EuroFlow is a consortium of scientific institutes and does not have production facilities or a distribution network for products related to its activities. However, to achieve production and distribution of the novel products and make the public investment money return into public (research) activities, the EuroFlow Consortium Agreement (signed by all parties) indicated that intellectual property derived from the deliverables of the EuroFlow project should be patented, and licensed to commercial companies that might be interested in large-scale (quality-controlled) production and distribution of the EuroFlow deliverables for rapid availability to the field. In parallel, all institutions and individual EuroFlow members declined their rights on revenues (such as royalty rights) in favor of the EuroFlow Consortium, to provide sustainability for future activities and projects of the group, including Educational Workshops and Educational Symposia (Table 4).

Table 4 Summary of EuroFlow educational symposia and workshops

Which EuroFlow activities are still ongoing?

The current activities of the EuroFlow Consortium concern:

  1. 1)

    Building the reference databases and templates for the whole set of EuroFlow antibody panels to be linked to the software tools (Infinicyt software) that are already available.

  2. 2)

    Design of innovative strategies for the detection of minimal residual disease (MRD) during and after therapy in patients that have reached complete remission according to conventional criteria. The new strategies search for disease-oriented single-tube combinations instead of patient-specific multicolor antibody panels. This new MRD strategy takes advantage of all new data analysis software tools and reference databases collected previously.

  3. 3)

    Because of the successful innovation and standardization in the hemato–oncology field, the EuroFlow Consortium has now decided to extend its activities to flow cytometric diagnosis for other diseases such as primary immunodeficiencies. In this context, more detailed studies on normal lymphocyte subsets are being performed. These studies show that more than eight colors might be needed to fully unravel all relevant B- and T-cell subsets and their memory and effector pathways.

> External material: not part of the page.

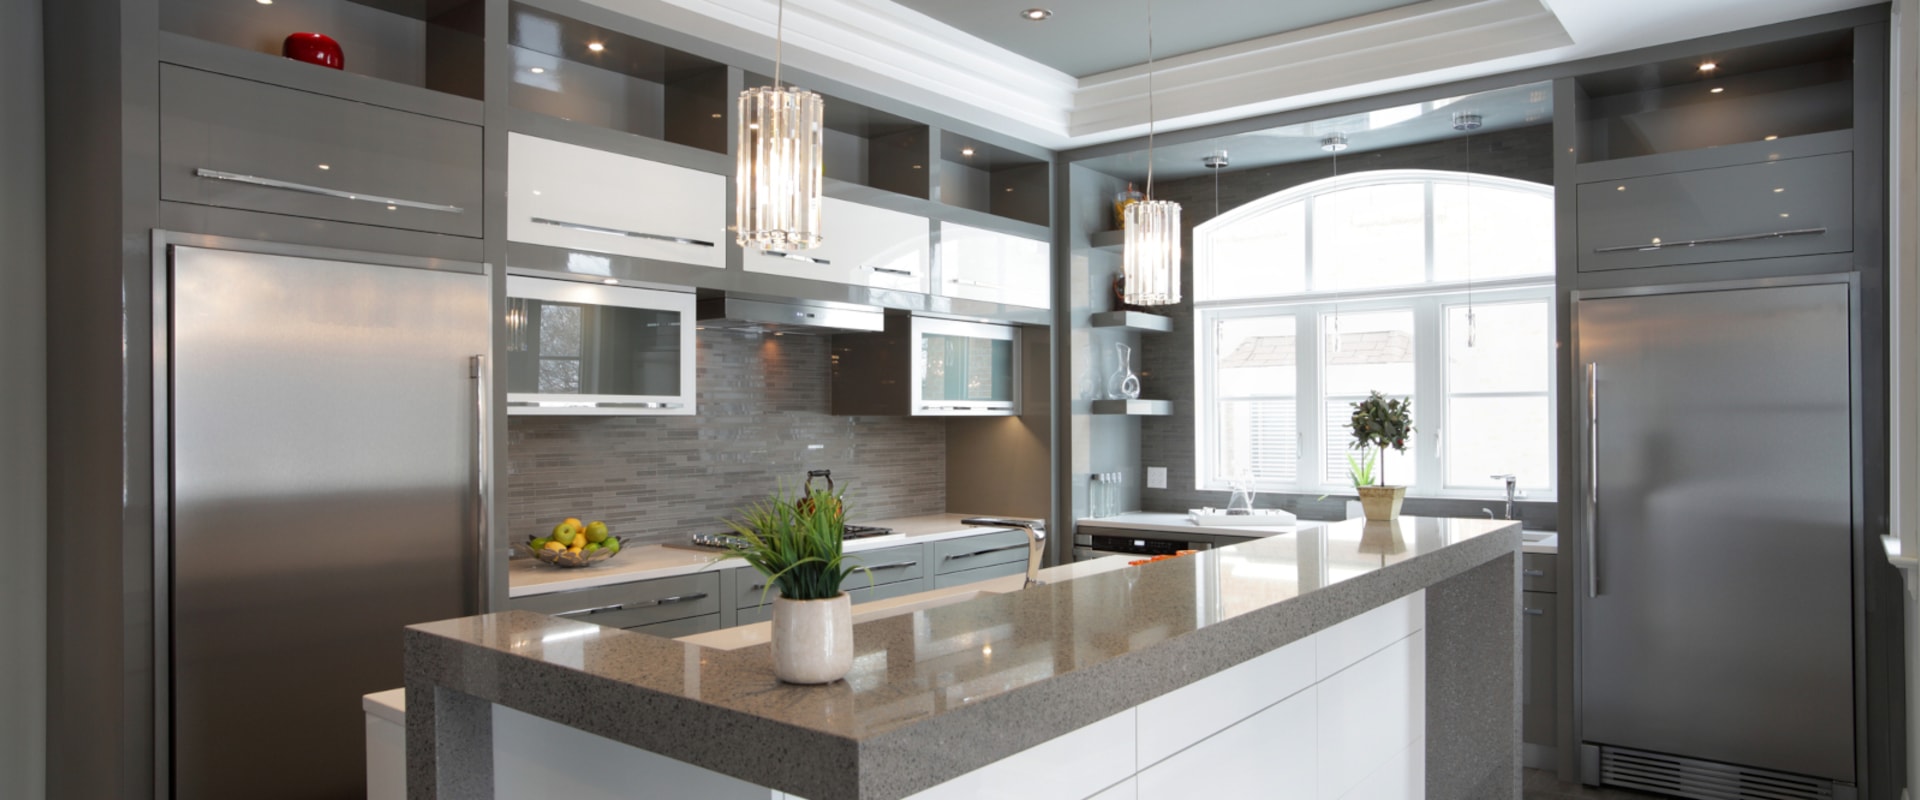 Choosing Materials and Finishes for Your Kitchen Renovation

CONCLUSION: EuroFlow tools for companion diagnostics in personalized medicine

In the current era of personalized medicine, many different new treatment options are being evaluated to further improve treatment outcome while increasing quality of life, such as treatment with antibodies and small (blocking) molecules. The implementation and evaluation of such new treatment modalities requires accurate diagnosis and classification of the disease and careful monitoring of treatment effectiveness. Consequently, the applied diagnostics should be optimally suited for the management of the involved patients. Such companion diagnostics is currently particularly needed for patients with a hematological malignancy, because the field of hemato–oncology is ahead of the other fields in medicine.

The EuroFlow antibody panels and technical protocols have been developed for application as companion diagnostics for (inter)national clinical treatment protocols, where standardization and reproducibility are of utmost importance. In this way, the EuroFlow achievements can contribute to advanced comparability of innovative clinical treatment protocols and thereby to further improvement of diagnostic and therapeutic patient care.